Adapting Language Balance in Code-Switching Speech
2510.18724v1
cs.CL, cs.LG, cs.SD, eess.AS
2025-10-23
Авторы:
Enes Yavuz Ugan, Ngoc-Quan Pham, Alexander Waibel
Abstract
Despite achieving impressive results on standard benchmarks, large
foundational models still struggle against code-switching test cases. When data
scarcity cannot be used as the usual justification for poor performance, the
reason may lie in the infrequent occurrence of code-switched moments, where the
embedding of the second language appears subtly. Instead of expecting the
models to learn this infrequency on their own, it might be beneficial to
provide the training process with labels.
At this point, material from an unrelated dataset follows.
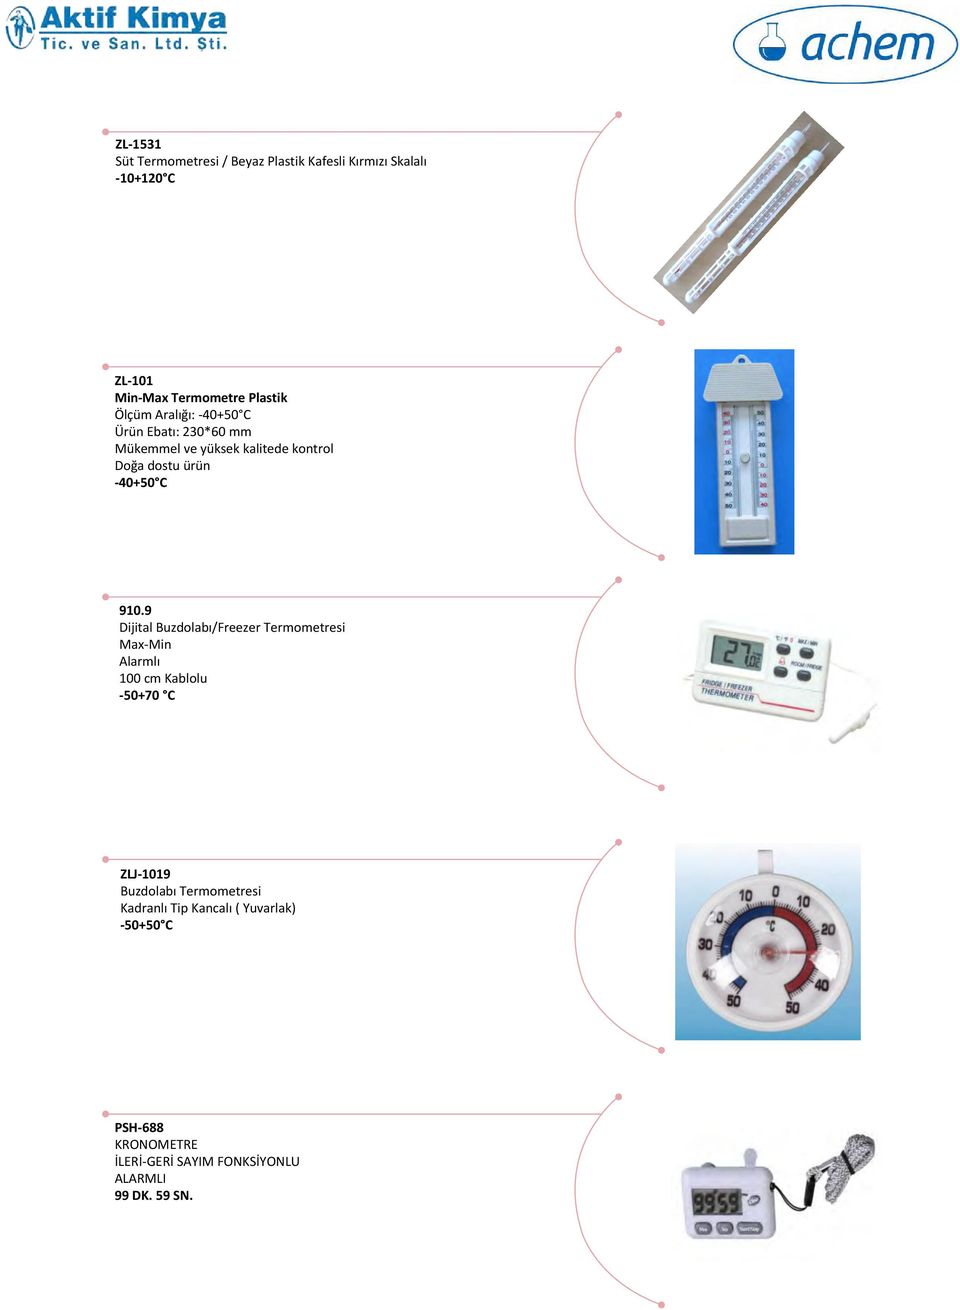 9 Dijital Buzdolabı/Freezer Termometresi Max-Min Alarmlı 100 cm Kablolu -50+70 C ZLJ-1019 Buzdolabı

Evaluating model performance on
code-switching data requires careful localization of code-switching points
where recognition errors are most consequential, so that the analysis
emphasizes mistakes occurring at those moments. Building on this observation,
we leverage the difference between the embedded and the main language to
highlight those code-switching points and thereby emphasize learning at those
locations. This simple yet effective differentiable surrogate mitigates context
bias during generation -- the central challenge in code-switching -- thereby
improving the model's robustness. Our experiments with Arabic and
Chinese-English showed that the models are able to predict the switching places
more correctly, reflected by the reduced substitution error.